DATASET SECTION:
# # # # #

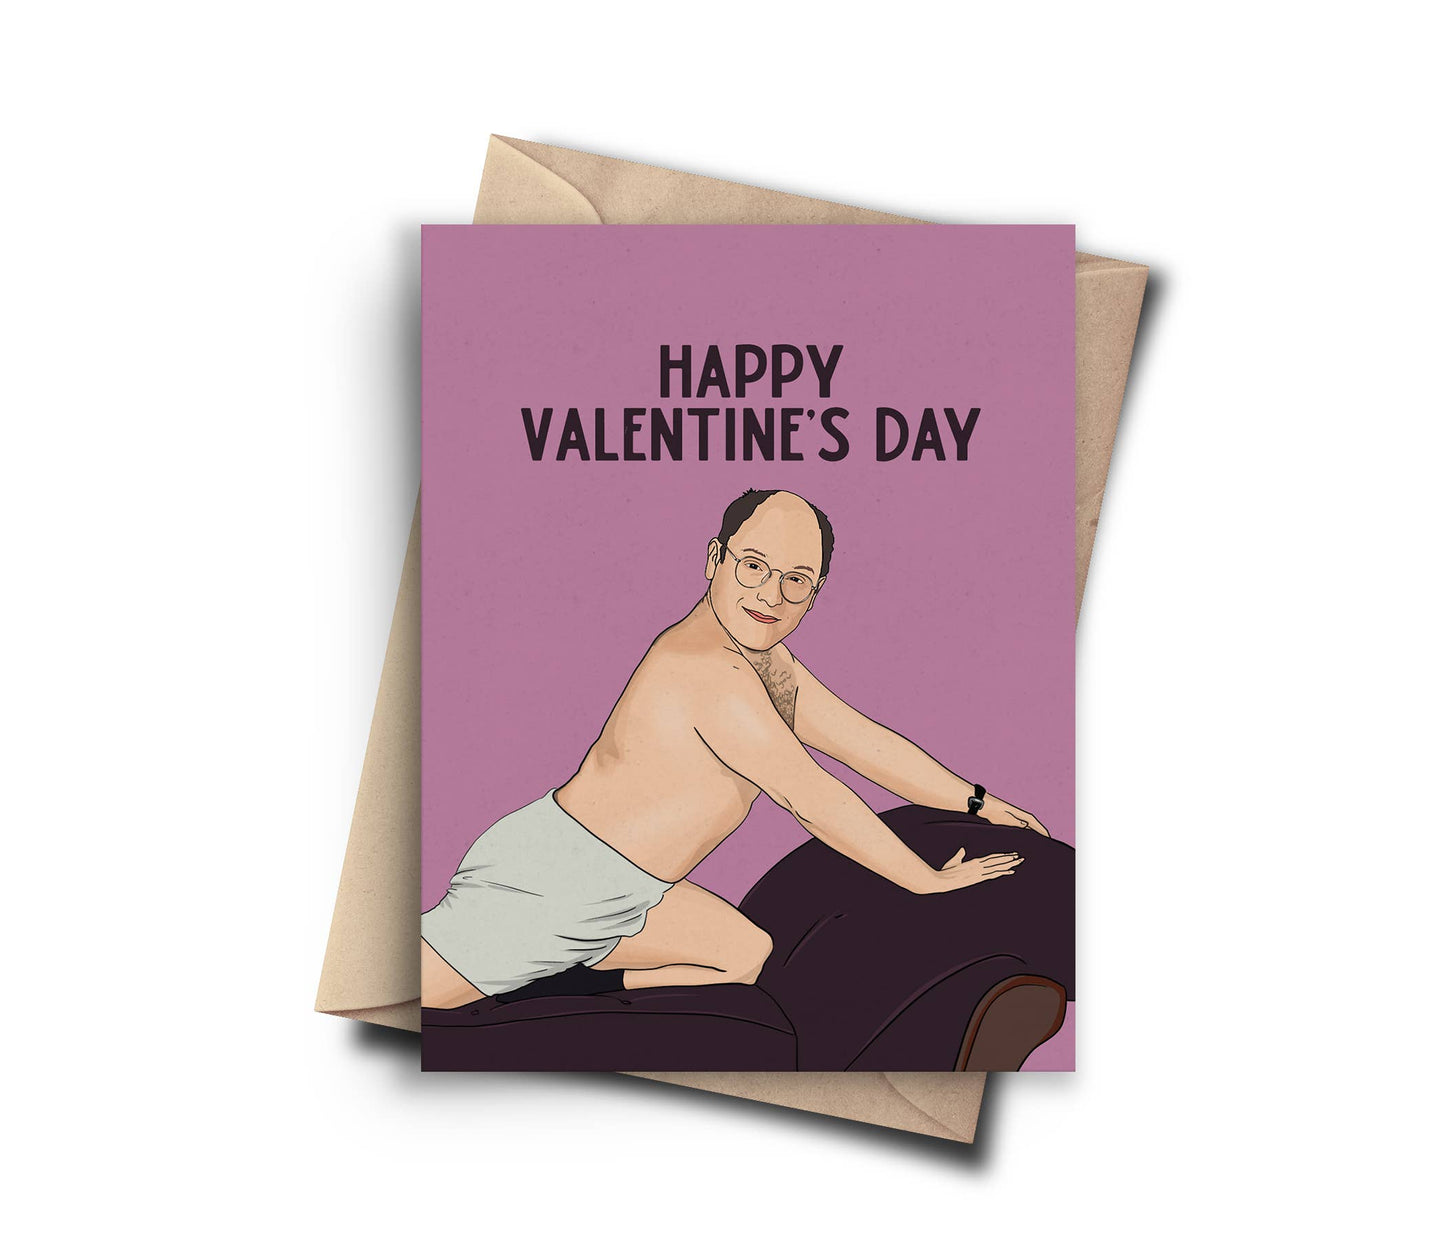 Seinfeld George Costanza Valentines Day Card
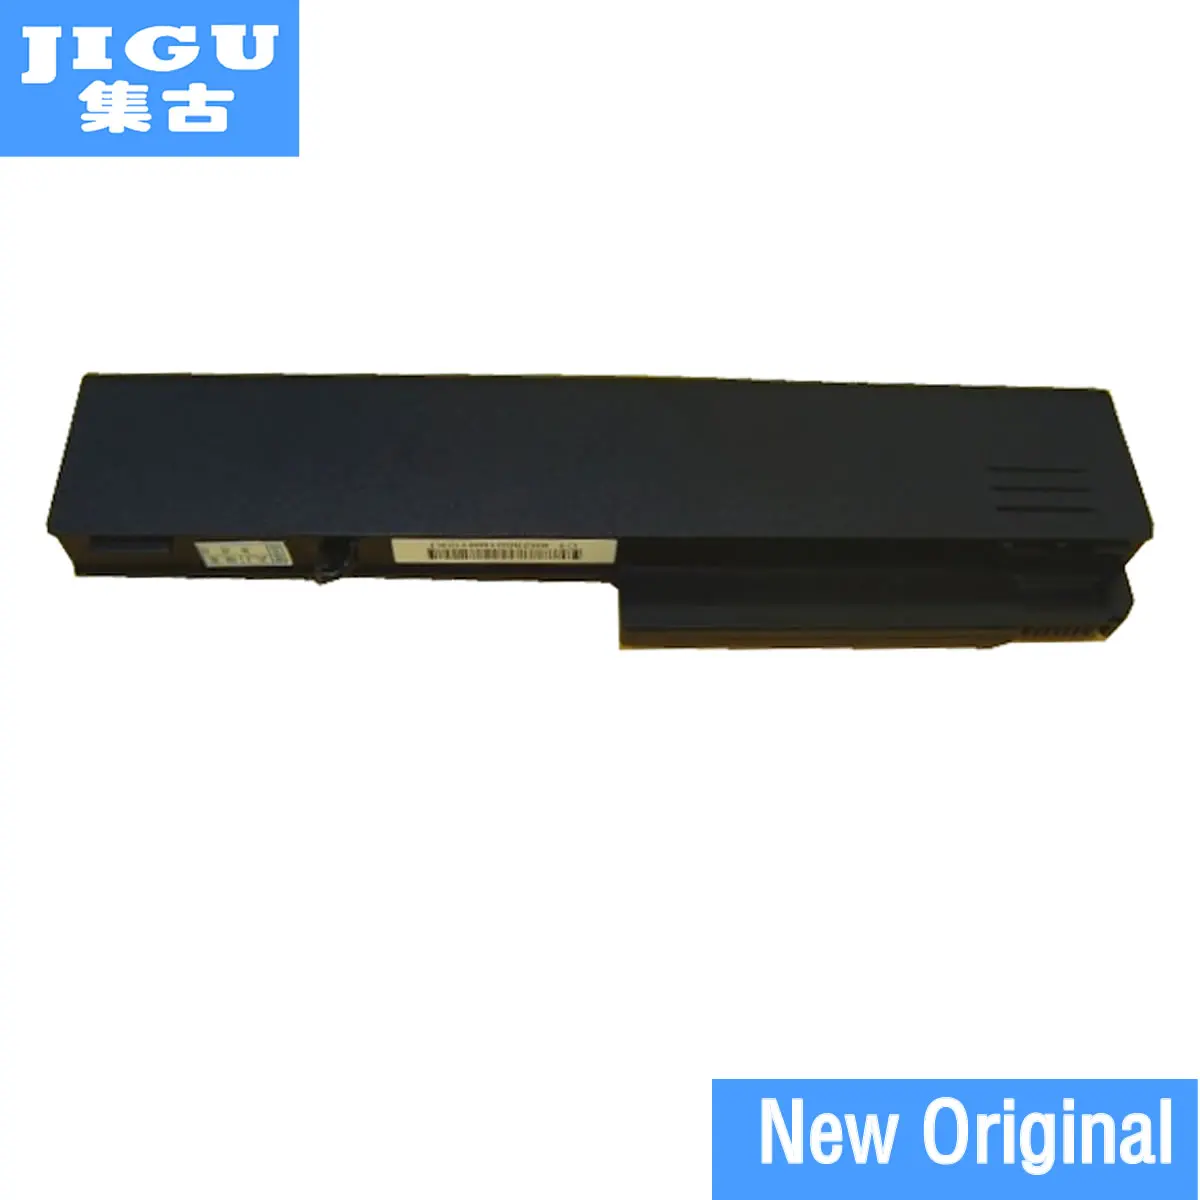 

JIGU Original laptop Battery For Hp for Business Notebook 6710b 6710s 6715b 6715s NC6105 NC6110 NC6115 NC6120 nc6140
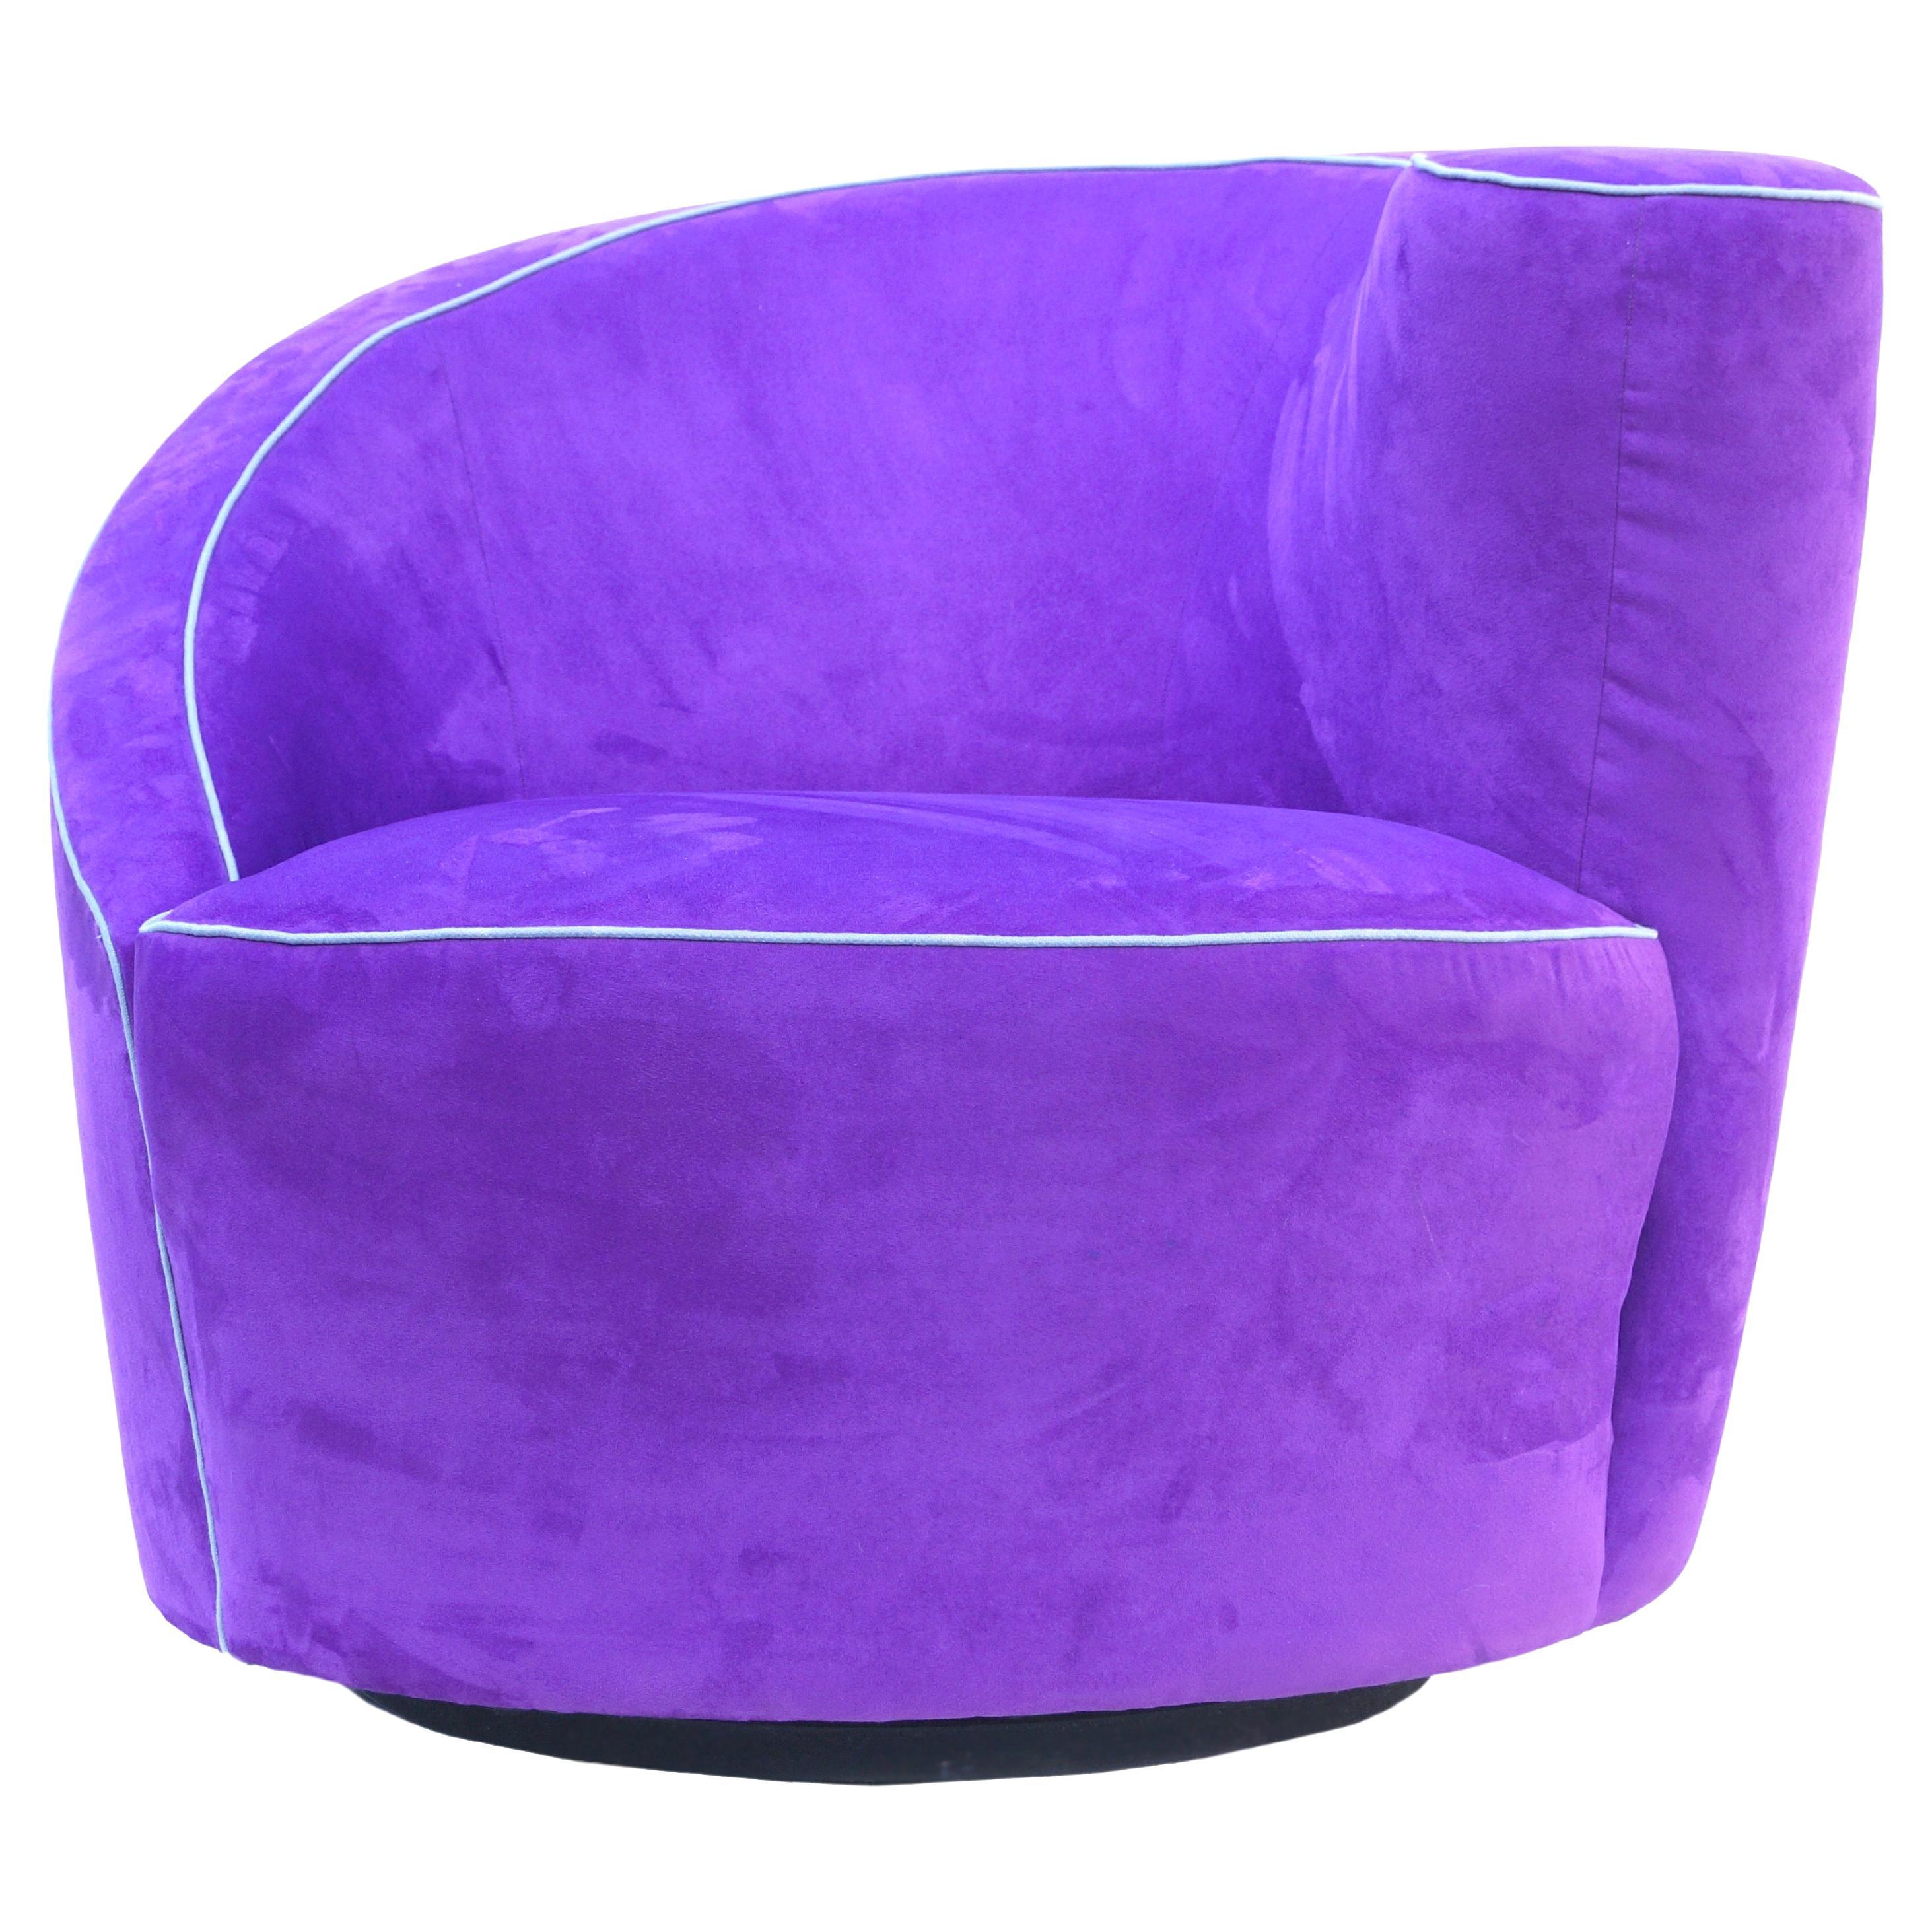 The Moderns Purple Modern Contemporary Swivel Lounge Chair Fauteuil de salon pivotant

# # # # #

REQUIRED ACTION: Write the listing out in full, exactly; no images.

EXPECTED OUTPUT:
 Seinfeld George Costanza Valentines Day Card

JIGU Original laptop Battery For Hp for Business Notebook 6710b 6710s 6715b 6715s NC6105 NC6110 NC6115 NC6120 nc6140
 The Moderns Purple Modern Contemporary Swivel Lounge Chair Fauteuil de salon pivotant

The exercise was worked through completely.